In a separate incident, a pick-up truck crashed into a tree, killing the former deputy director of a subdistrict administrative organisation.

In the early hours of yesterday, Pol Capt Wiwatchai Rak-kaew, the deputy lead investigator of Nongsarai Police Station in Pak Chong District of Nakhon Ratchasima Province received information about a pickup truck crashing into a ditch on Mittraphap Road.

The man who died in the accident was Surasak Kaewtham, 37, a former deputy director of Chiengraknoi Subdustrict Administrative Organisation in Pathum Thani province. Four other passengers were found with varying degrees of injuries from the accident.

Pol Capt Wiwatchai ordered for the body to be autopsied for further investigation to determine how the incident occurred.

"We believe that that the man who was driving the vehicle had most likely dozed off at the wheel, as there appeared to be no sign of any attempts to brake where the vehicle had left the road," said Pol Capt Wiwatchai.

Thailand's road accident rate remains alarmingly high, and currently stands as the second-worst in the world, despite efforts to strictly enforce traffic laws.

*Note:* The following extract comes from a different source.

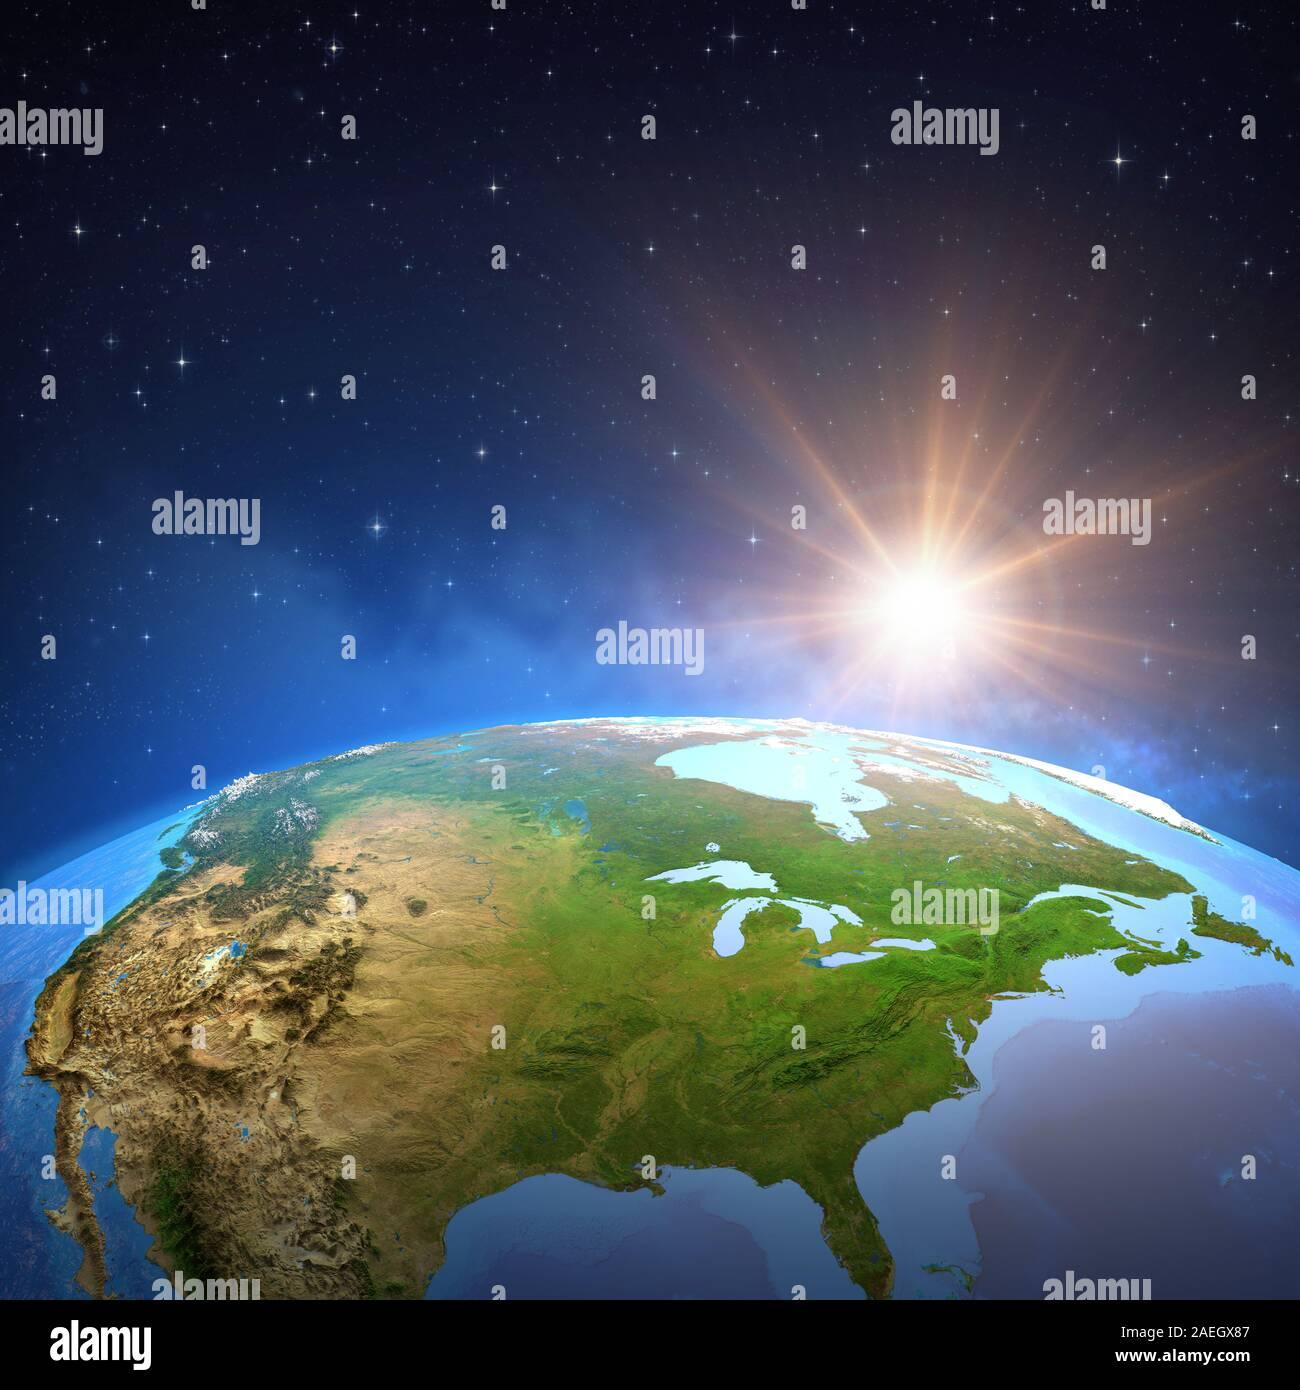 Surface de la planète Terre vue d'un satellite, l'accent sur l'Amérique du Nord, soleil qui brille dans l'espace lointain. Illustration 3D - Éléments de cette image fur Banque D'Images
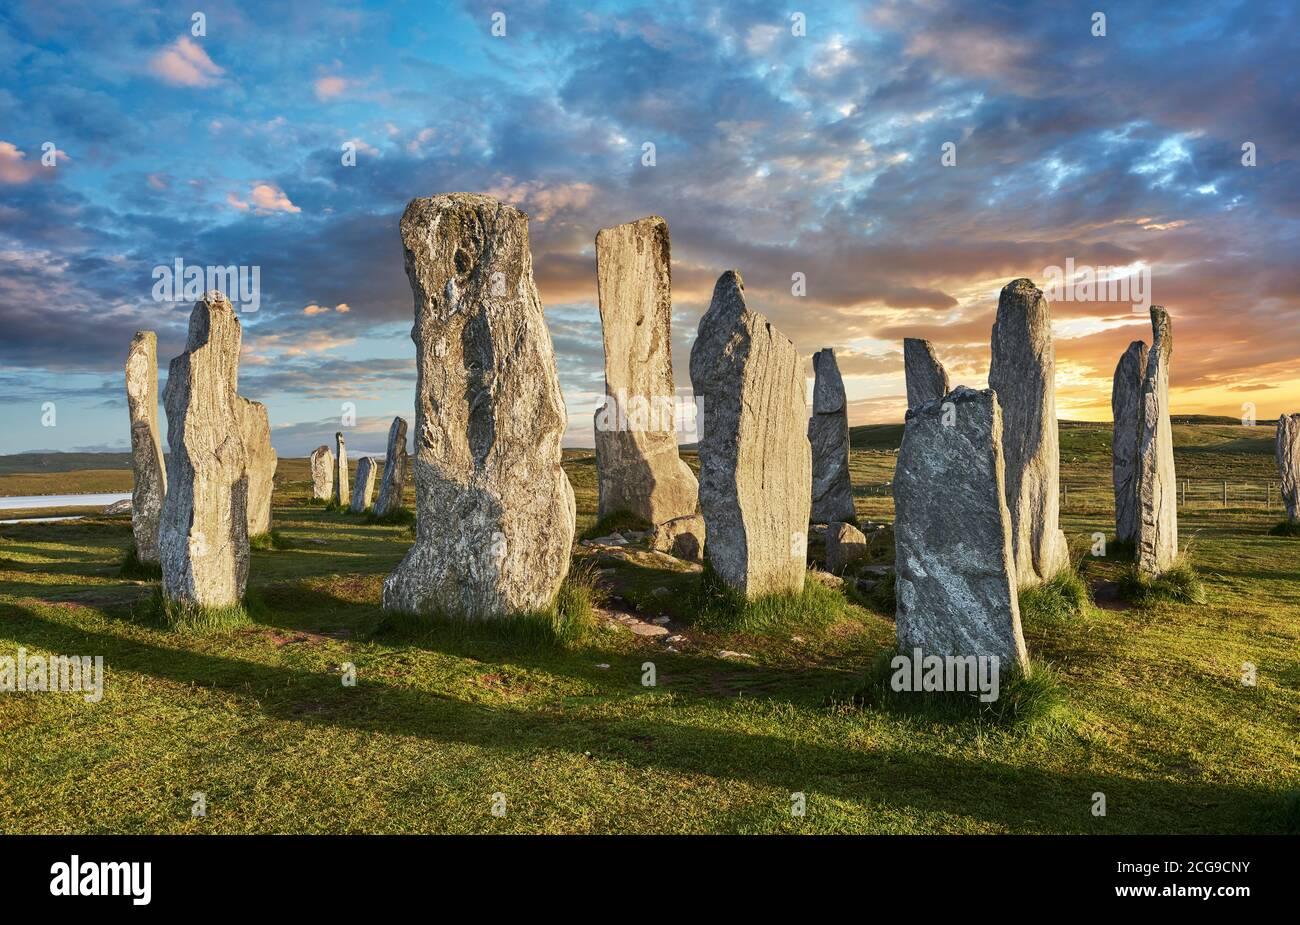 Calanais Standing Stones cercle central en pierre, au coucher du soleil, érigée entre 2900-2600BC mesurant 11 mètres de large. Au centre de l'anneau est un câlin Banque D'Images

The Transport Ministry has recently requested more time to decide whether or not to buy more speed cameras to help prosecute traffic law violators -- although a majority of these accidents are caused by motorbikes, not cars.

The World Health Organisation Collaborating Centre for Injury Prevention and Safety Promotion found that only 4% of people who violate traffic laws nationwide pay their fines and only 20% of violators are given tickets, which may encourage drivers to blatantly flout the laws.